I’m confused about fatty acids. I know to avoid saturated and trans fats, and I’ve heard good things about omega-3s and unsaturated fats. But there are also oleic, linoleic and other types of fats. What does all this mean for the type of oil I should be using?
You’re right. If you start digging down into the nitty gritty, information about fatty acids can get very complex very quickly.
First, know that all oils (liquid at room temperature) and fats (solid at room temperature) are really composed of a broad range of fatty acids, including saturated, monounsaturated and polyunsaturated. That said, here’s some basic information.
Any fatty acid with the word “omega” in its name — omega-3 or omega-6, for example — is unsaturated. Monounsaturated fat includes oleic acid, an omega-9 fatty acid, and is the primary fatty acid in olive oil. Although many health authorities recommend olive oil as the top heart-healthy option, there’s growing conversation in nutrition circles about the strength of the evidence behind that advice. Still, it remains a good option and deserves a spot in your pantry.
Both omega-6 and omega-3 fatty acids are polyunsaturated fats. Linoleic acid is the primary type of omega-6 fatty acid that we consume and is essential in our diet. Being “essential” means we need to consume linoleic acid because our bodies cannot synthesize it from other sources. Not too long ago, researchers thought linoleic acid might cause inflammation and damage arteries. But more recently, scientists have found that higher blood levels of linoleic acid are associated with less trunk fat — the abdominal fat linked to heart disease — as well as less inflammation, higher metabolism and a leaner body mass. (See a report about this Ohio State University research at go.osu.edu/fattyacids.) So, the thinking on linoleic acid is evolving.
Vegetable oils have traditionally been a major source of linoleic fatty acids, but in the last five years or so, many processors have changed the composition of vegetable oils, decreasing linoleic acid, or polyunsaturated fats, in favor of omega-9s, or monounsaturated fats. Most corn oil still appears to be a good source of linoleic acid. Grapeseed oil is also a good source, as are some store-brand bottled oils. Check the Nutrition Facts label: Oils higher in polyunsaturated and lower in monounsaturated fat provide more linoleic acid.

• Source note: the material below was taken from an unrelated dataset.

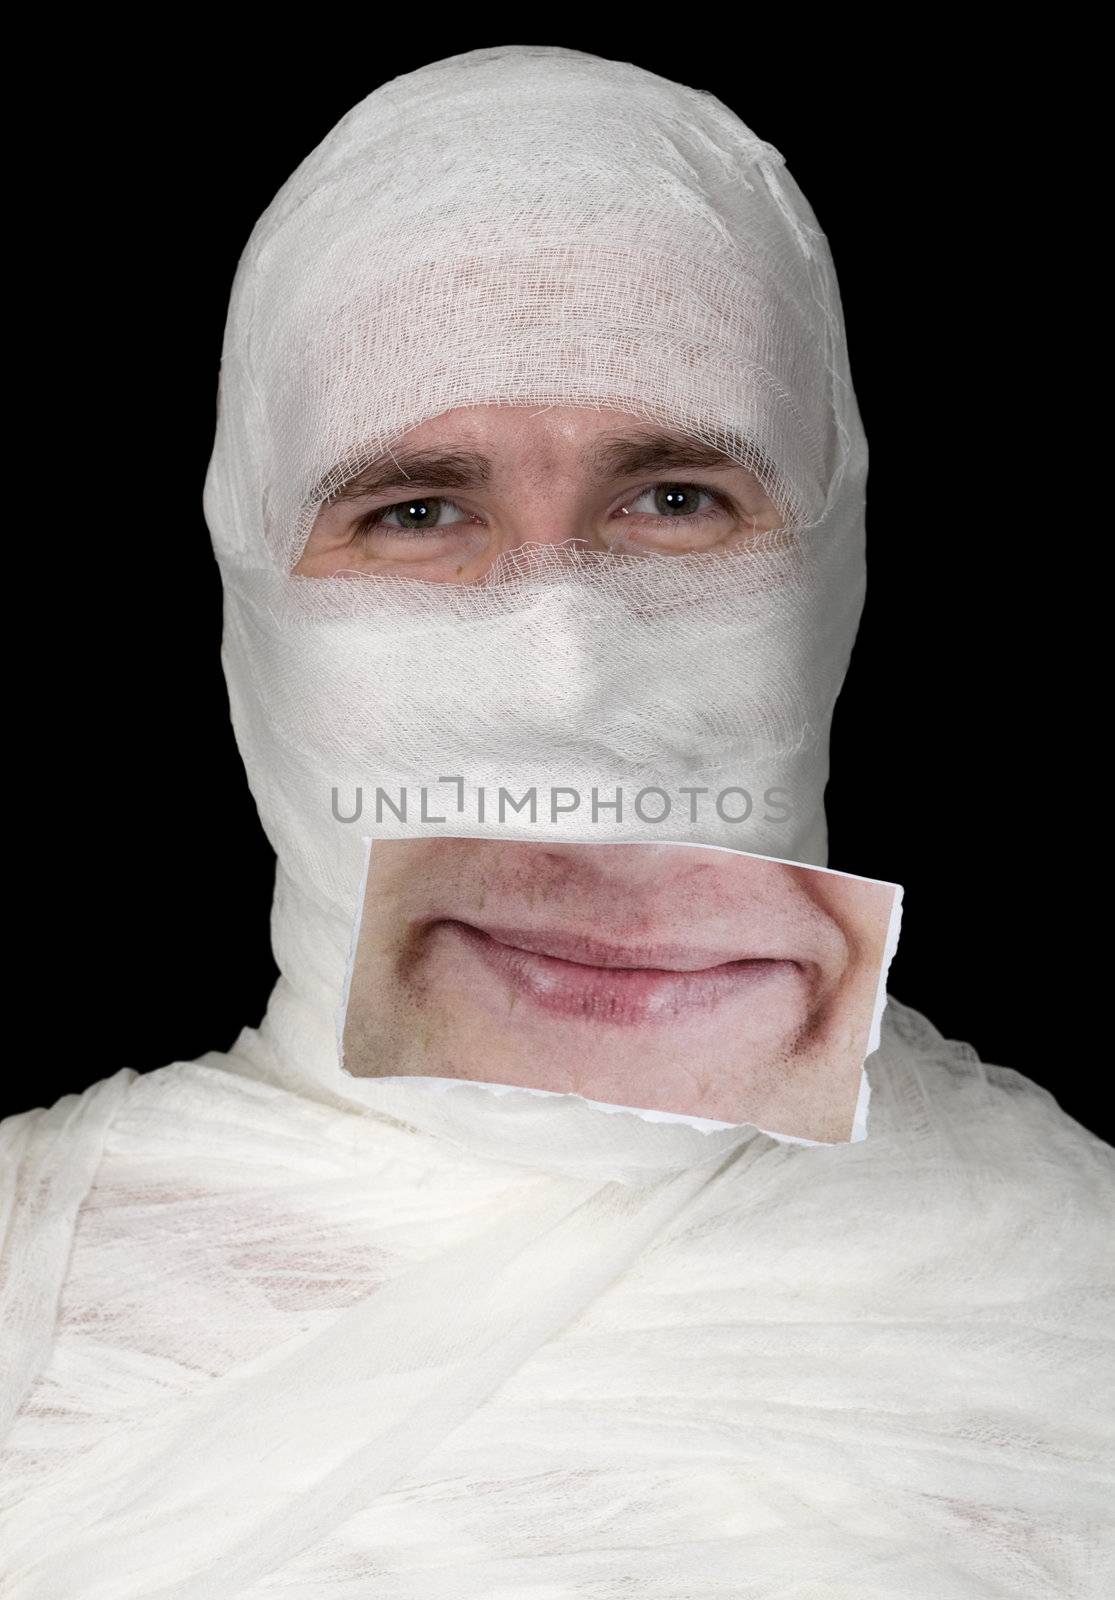 Head of the guy rolled up by bandage with a false smile

Omega-3 fatty acids, particularly long-chain ones that are most closely associated with heart health, are primarily found in cold-water, fatty fish. Most people don’t get enough omega-3s in their diet, and since they are heart-healthy, the American Heart Association recommends eating at least two servings a week of fatty fish like salmon, mackerel, herring, lake trout, sardines or albacore tuna. Another type of omega-3, called alpha-linolenic acid (ALA), is found in some plant-based foods such as chia seeds, flax seeds and flaxseed oil, and to a lesser extent, in canola oil.
The bottom line? Eat more fish and other omega-3s, and try for more omega-6 linoleic acid in your diet. Look for “polyunsaturated” on oil labels.
Chow Line is a service of the College of Food, Agricultural, and Environmental Sciences and its outreach and research arms, Ohio State University Extension and the Ohio Agricultural Research and Development Center. Send questions to Chow Line, c/o Martha Filipic, 2021 Coffey Road, Columbus, OH 43210-1043, or firstname.lastname@example.org.
Editor: This column was reviewed by Martha Belury, registered dietitian, scientist with the Ohio Agricultural Research and Development Center, and the Carol S. Kennedy Professor of Nutrition in the College of Education and Human Ecology.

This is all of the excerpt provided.